Australian News Director Lights the Way for Journalism in the Digital Age
Fiona Ellis-Jones left the anchor desk to become a media company executive. She joined Stanford’s Executive Leadership Development program to level-up her management skills.
November 11, 2025
After years of building her career as a popular TV and radio news presenter, veteran broadcast journalist Fiona Ellis-Jones shifted gears into senior management. In 2022, she became Head of News and Information for ARN Australia — leading the national news division for one of the country’s largest audio networks, overseeing content strategy and editorial operations across multiple brands. Fiona manages a team of 65 journalists at 58 radio stations in 33 markets, reaching 15 million Australians weekly.
Fiona makes her career transition as traditional media faces challenges to engage younger digital audiences who get their news from social media, video platforms, podcasts, and other online sources. “It’s a huge responsibility to inform an entire generation of Australians as we try to make our news even more credible,” she says.
Fiona was charged with driving a transformational shift in ARN’s newsrooms, pivoting from traditional broadcast bulletins to a digital-first, on-demand news strategy. “I found myself suddenly leading a very big team and managing a very big budget, with commercial accountability and responsibilities,” she shares. “I’d been a working journalist for 25 years, but I’d never been taught the business skills.” She began to search for educational programs to help her rise to these challenges.
In 2024, Fiona received a B&T Women in Media award and the Chief Executive Women (CEW) Maureen Kerridge Scholarship. “I had to choose a course for the scholarship,” she says. “No institution in Australia offered what I needed — the ability to rapidly upskill in the business side of media. Stanford Graduate School of Business Executive Education offered just the right program to immerse myself in the areas where I needed to learn and grow.”
With this support, Fiona enrolled in the one-week, in-person Executive Leadership Development program in 2025.
Finding the Path to Personal Transformation
The program curriculum focuses on business acumen, innovation, and leadership.
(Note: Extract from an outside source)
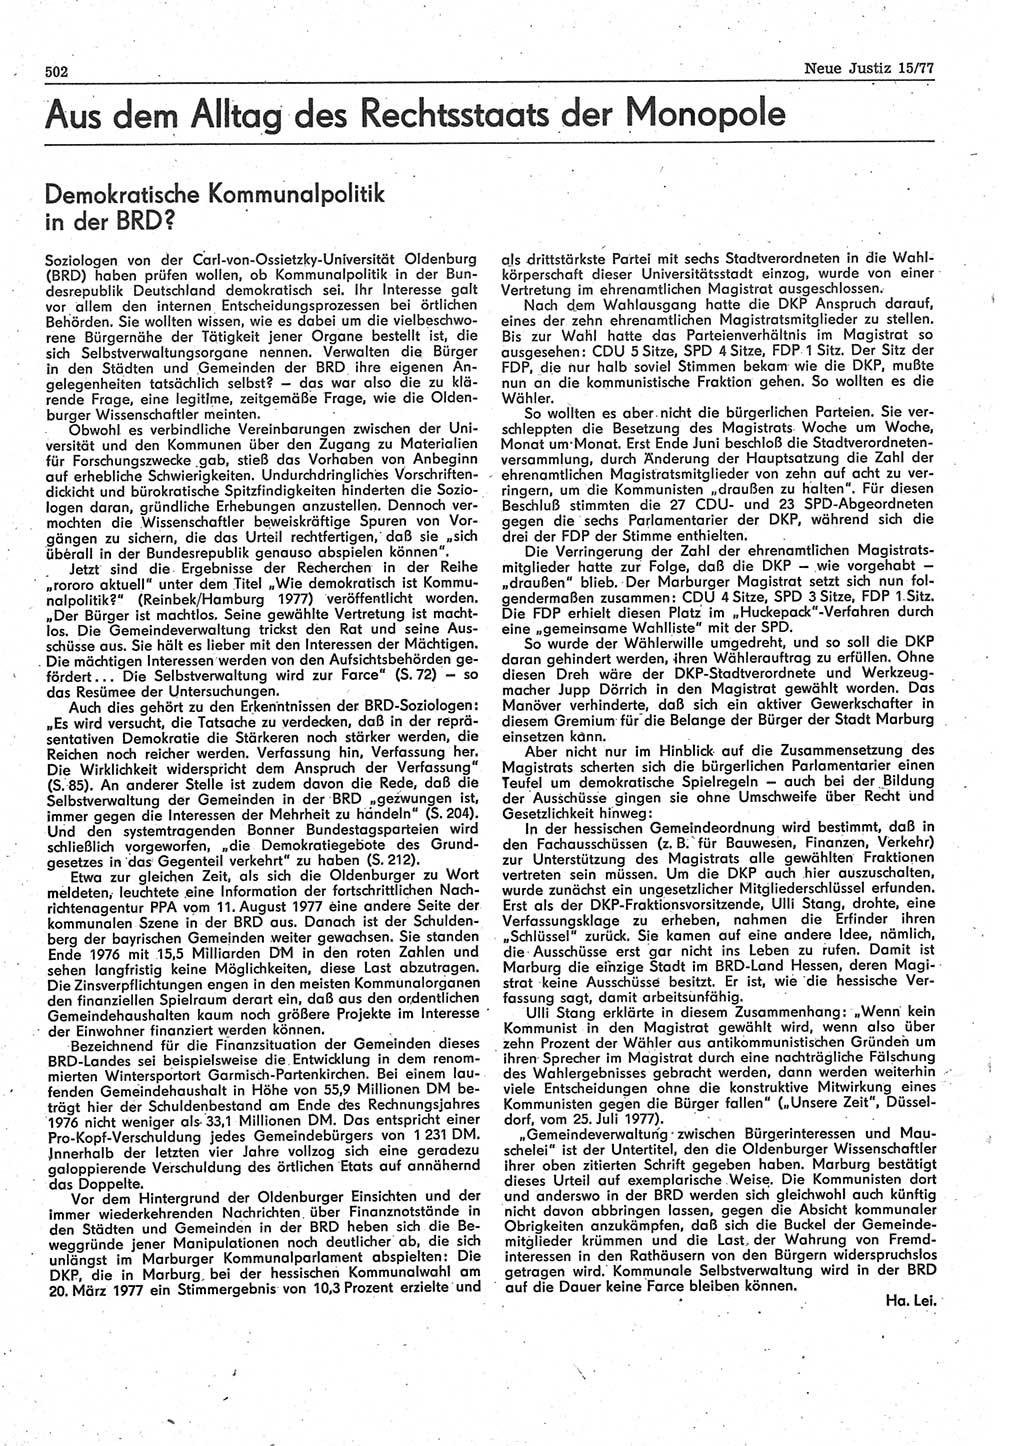 Neue Justiz (NJ), Zeitschrift für Recht und Rechtswissenschaft-Zeitschrift, sozialistisches Recht und Gesetzlichkeit, 31. Jahrgang 1977, Seite 502 (NJ DDR 1977, S. 502)

Fiona says she learned a lot about her potential as a business leader through classroom learning combined with Stanford’s proprietary 360º in-depth leadership assessment tool, LEAP (Leadership Evaluation and Action Planning).
“I’m very empathetic and I like to lead by example,” Fiona says. “LEAP and the leadership coaching showed me that I need to be a lot more strategic and analytical to lead our news operations over the coming months and years.”
She also valued sessions on design thinking, where participants explore mindsets of empathy, rapid prototyping, collaboration, iteration, and feedback. This human-centered framework for problem-solving is helping Fiona strategize ways for her broadcast networks to engage and grow new listeners.
“To survive, the media industry needs bold thinking and leaders that understand we are going through a period of rapid transformation,” Fiona says. “This requires an innovative approach if we’re going to stay relevant to audiences. I got that at Stanford.”
Envisioning the Future of Journalism
Fiona left Stanford with the business knowledge, ideas, and inspiration to chart her company’s long-term growth. “Studying in the heart of Silicon Valley was a game changer,” Fiona says. “Media companies around the world are being heavily disrupted by big tech. Being surrounded by people at the forefront of the technological transformation gave me so much more than I would have received from any other institution.”
Fiona remains in touch with her cohort on a WhatsApp group and on social media. “There were a couple of Australians in the course, which was lovely. Now we have accountability buddies for life back home.” She can soon add one more contact to her list: Her husband, Mark Scognamiglio, a marine science CEO, is attending the Executive Leadership Development program in 2026.
“It was so refreshing to be surrounded by people who were so passionate and excited about the opportunities ahead and who embrace — and do not fear — new technologies,” she says. Fiona regularly shares what she learned at Stanford with her colleagues, including the younger journalists she mentors.
Fiona hopes to one day rise to the C-suite, to achieve her full potential as a media business leader charting the industry’s future. Her Stanford experience also reminded her to stay true to her journalistic roots, as she embraces modern innovation. “The biggest thing I learned was our greatest commodity won’t be data, but trust.”